[How to complete this task] Transcribe everything in the listing below exactly, except the pictures.

[Input data]
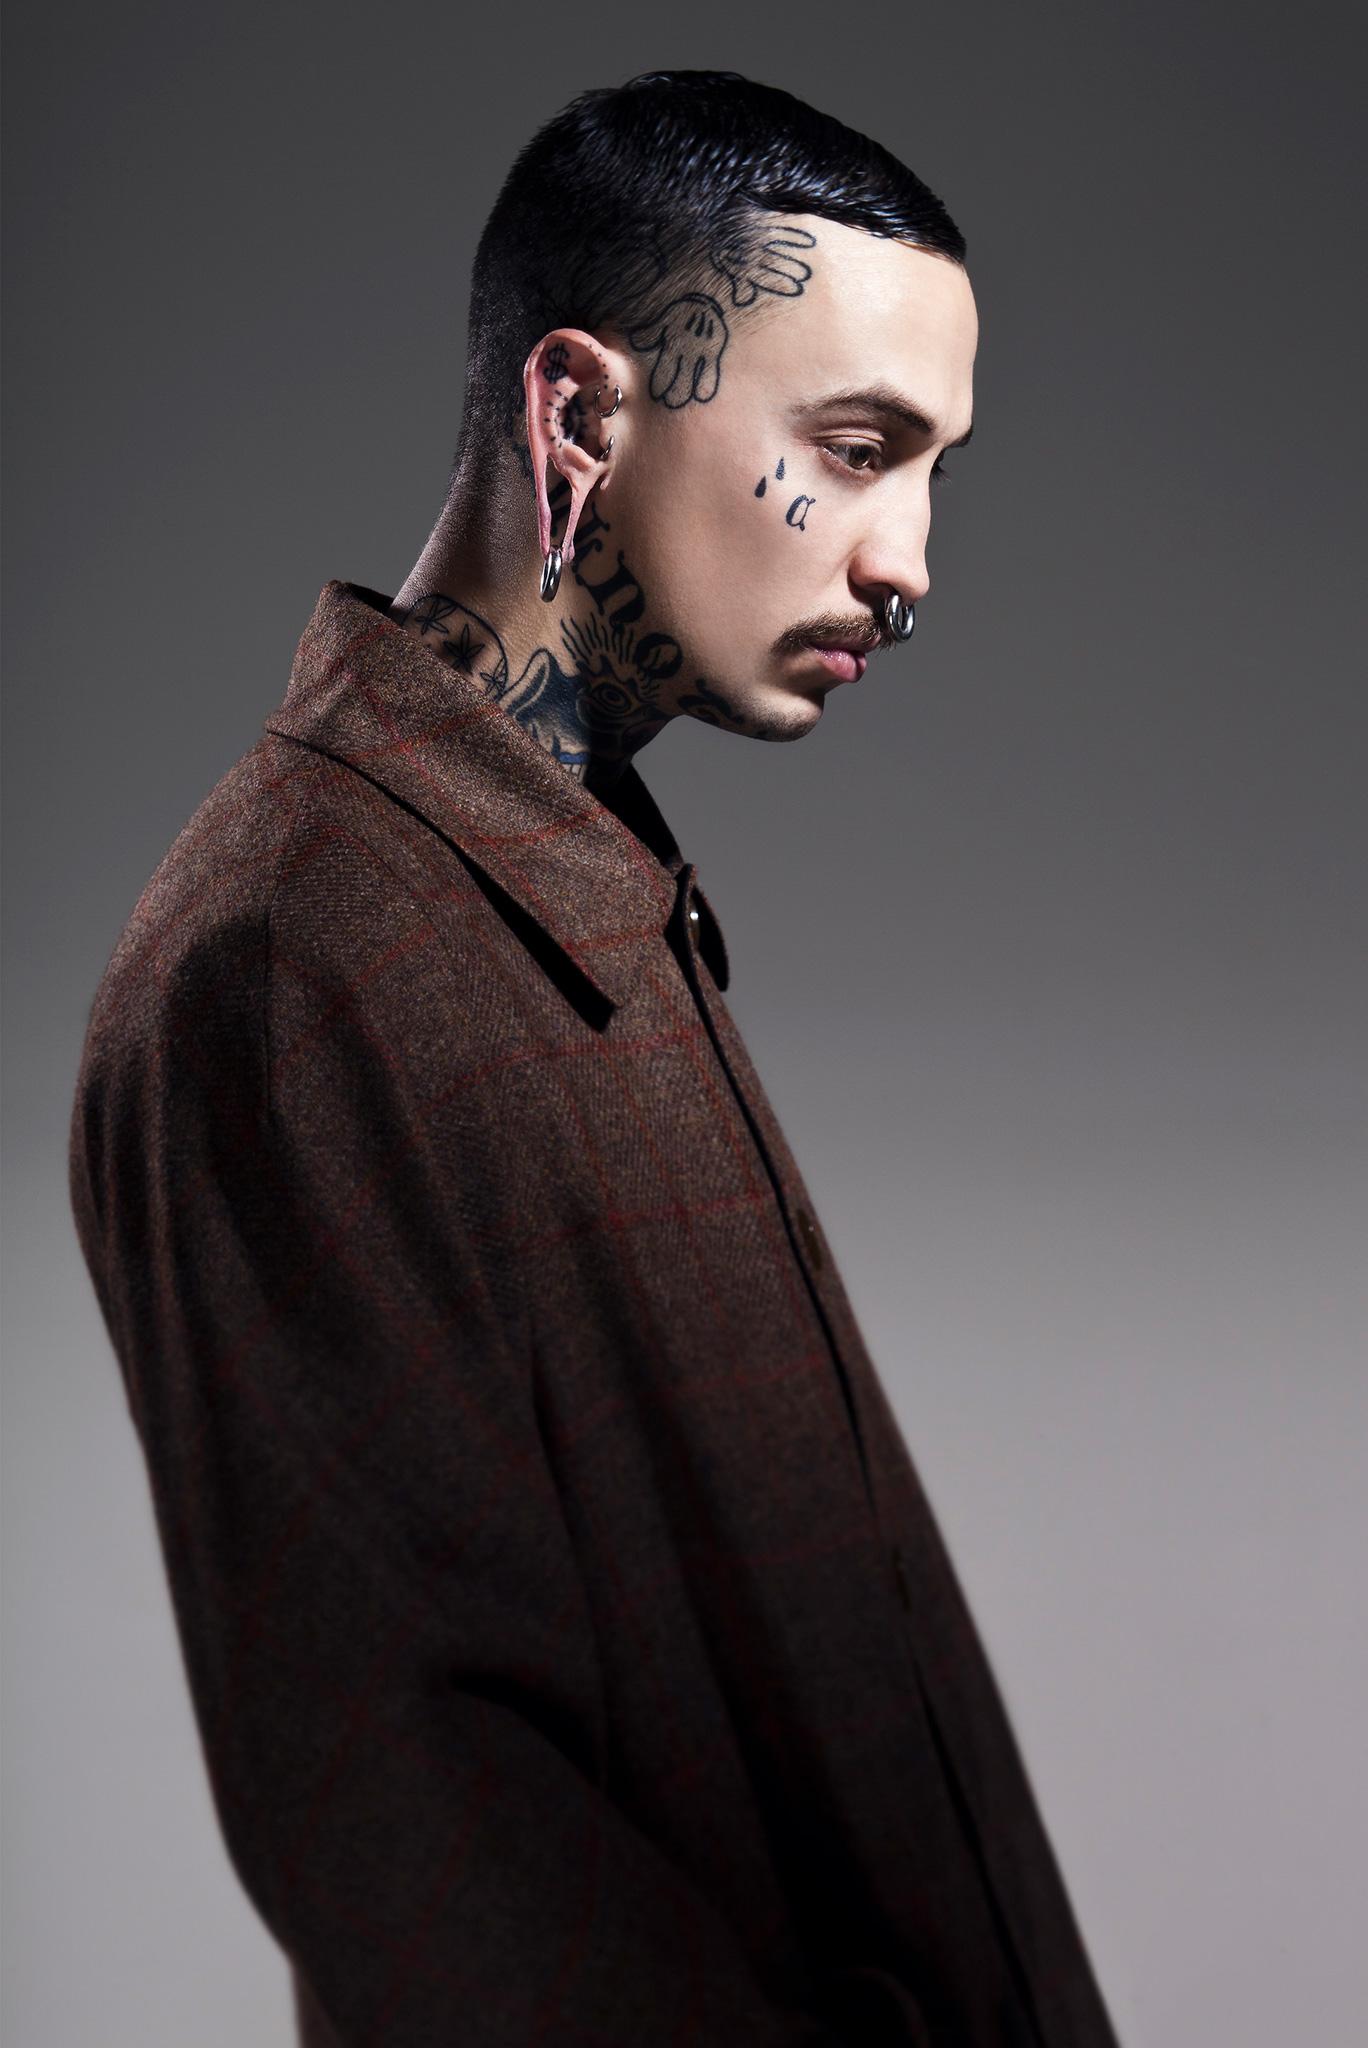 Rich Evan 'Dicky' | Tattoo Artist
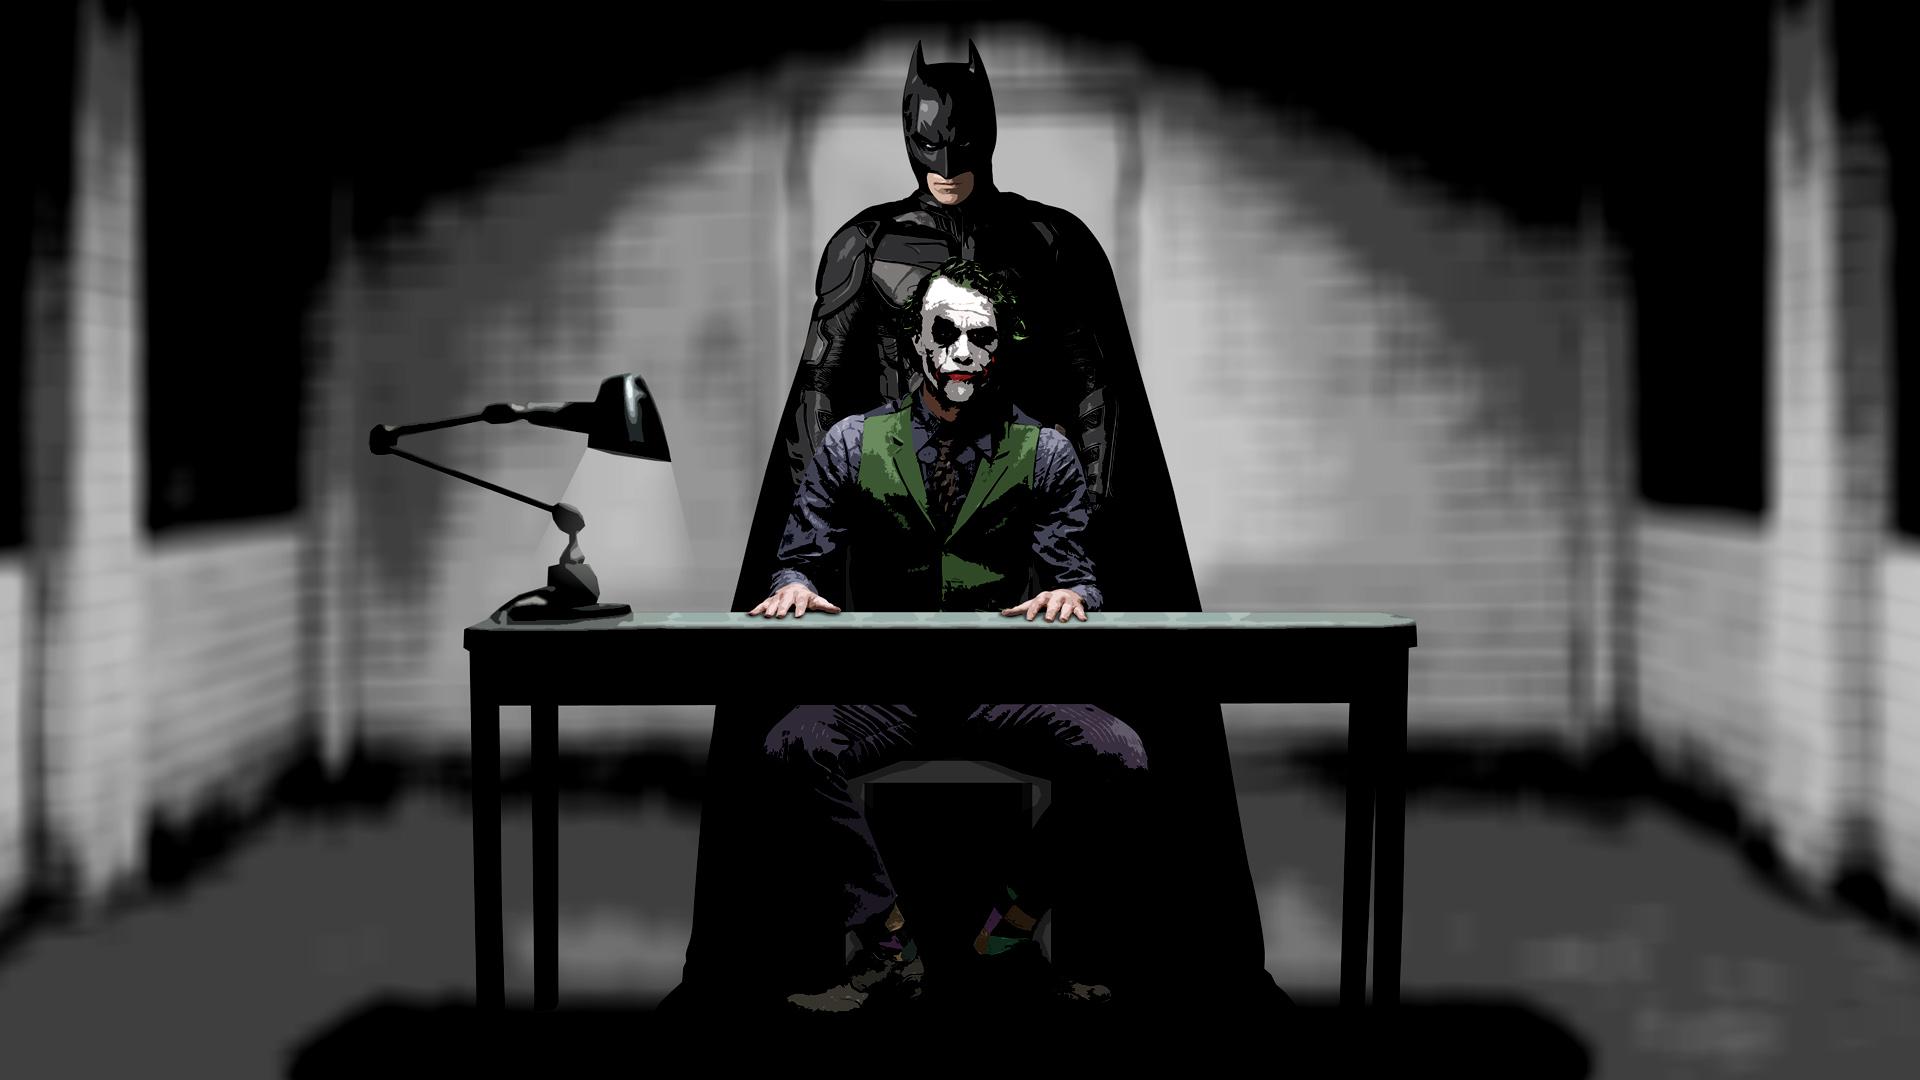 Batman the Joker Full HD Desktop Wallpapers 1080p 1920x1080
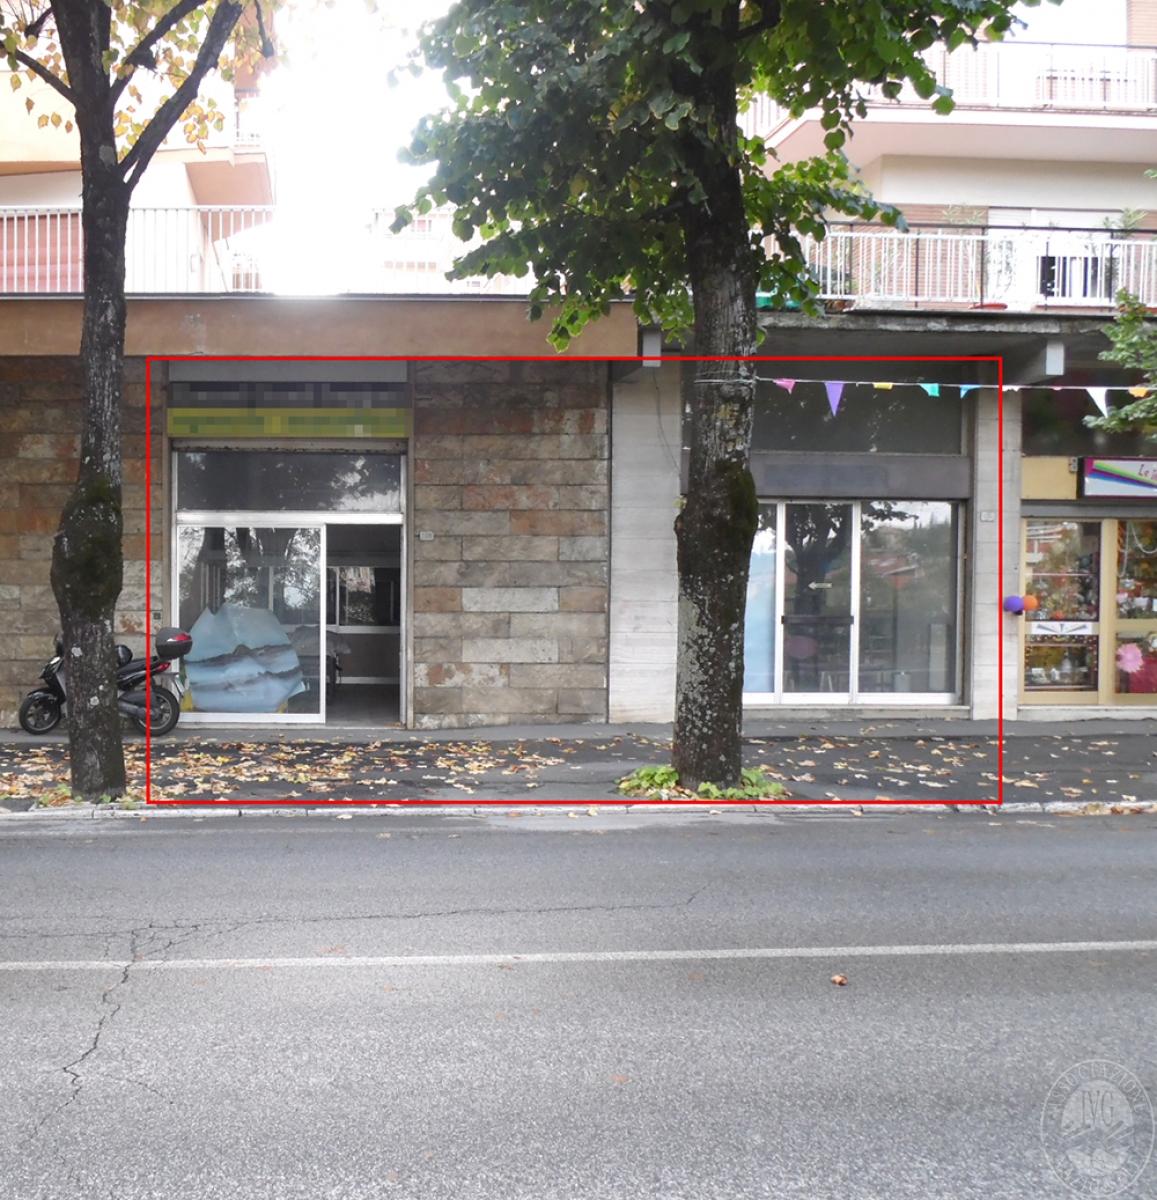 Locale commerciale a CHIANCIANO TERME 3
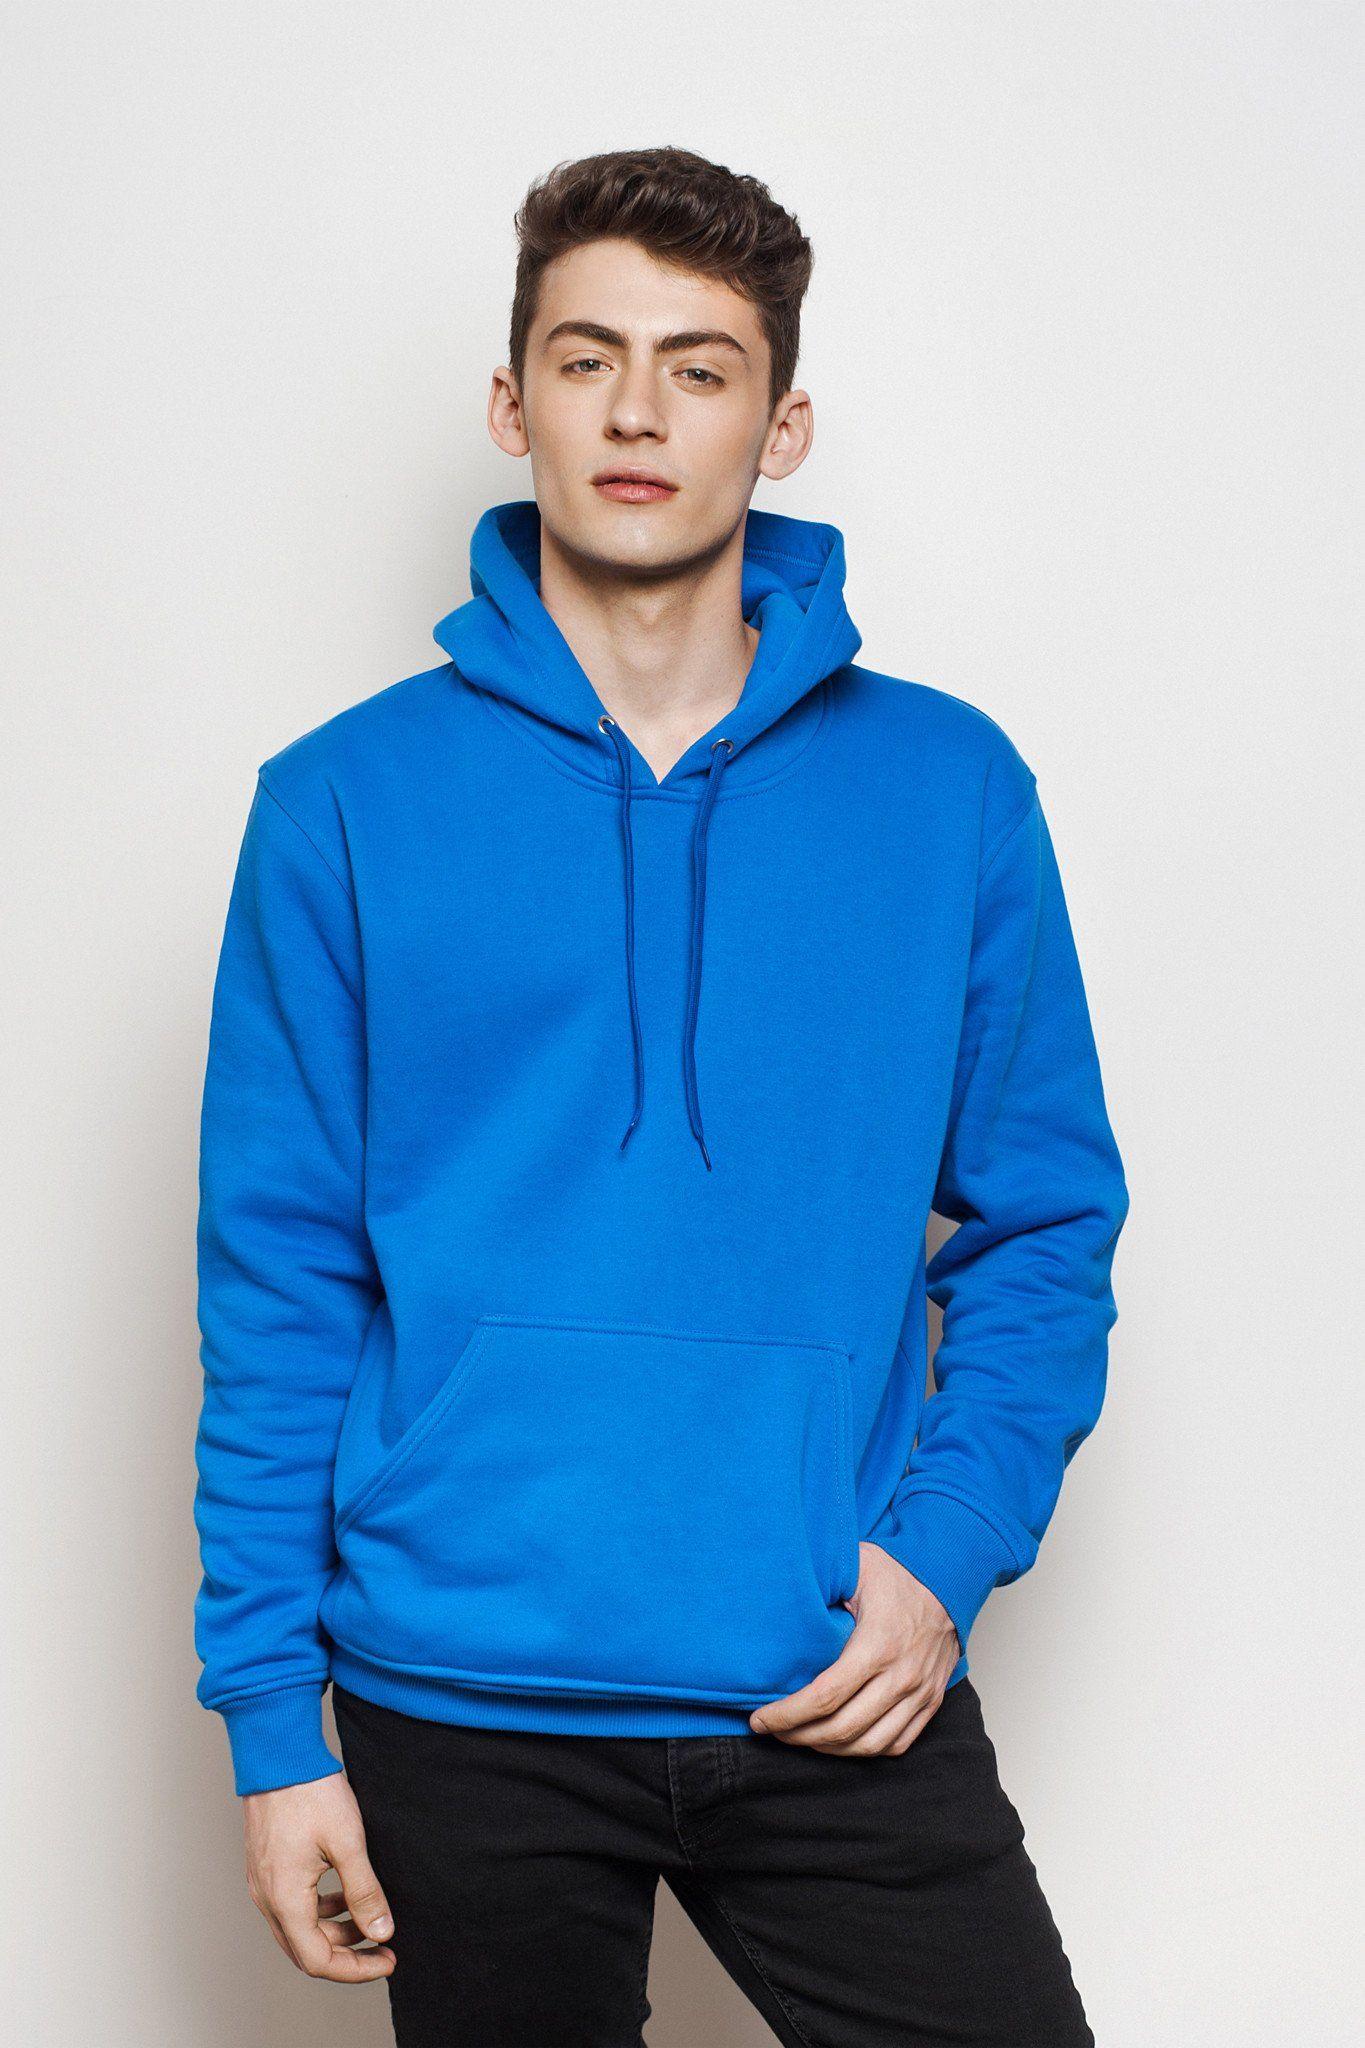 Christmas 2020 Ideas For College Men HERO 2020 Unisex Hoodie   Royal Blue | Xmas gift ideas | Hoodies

[Task response]
 Rich Evan 'Dicky' | Tattoo Artist
 Batman the Joker Full HD Desktop Wallpapers 1080p 1920x1080
 Locale commerciale a CHIANCIANO TERME 3
 Christmas 2020 Ideas For College Men HERO 2020 Unisex Hoodie   Royal Blue | Xmas gift ideas | Hoodies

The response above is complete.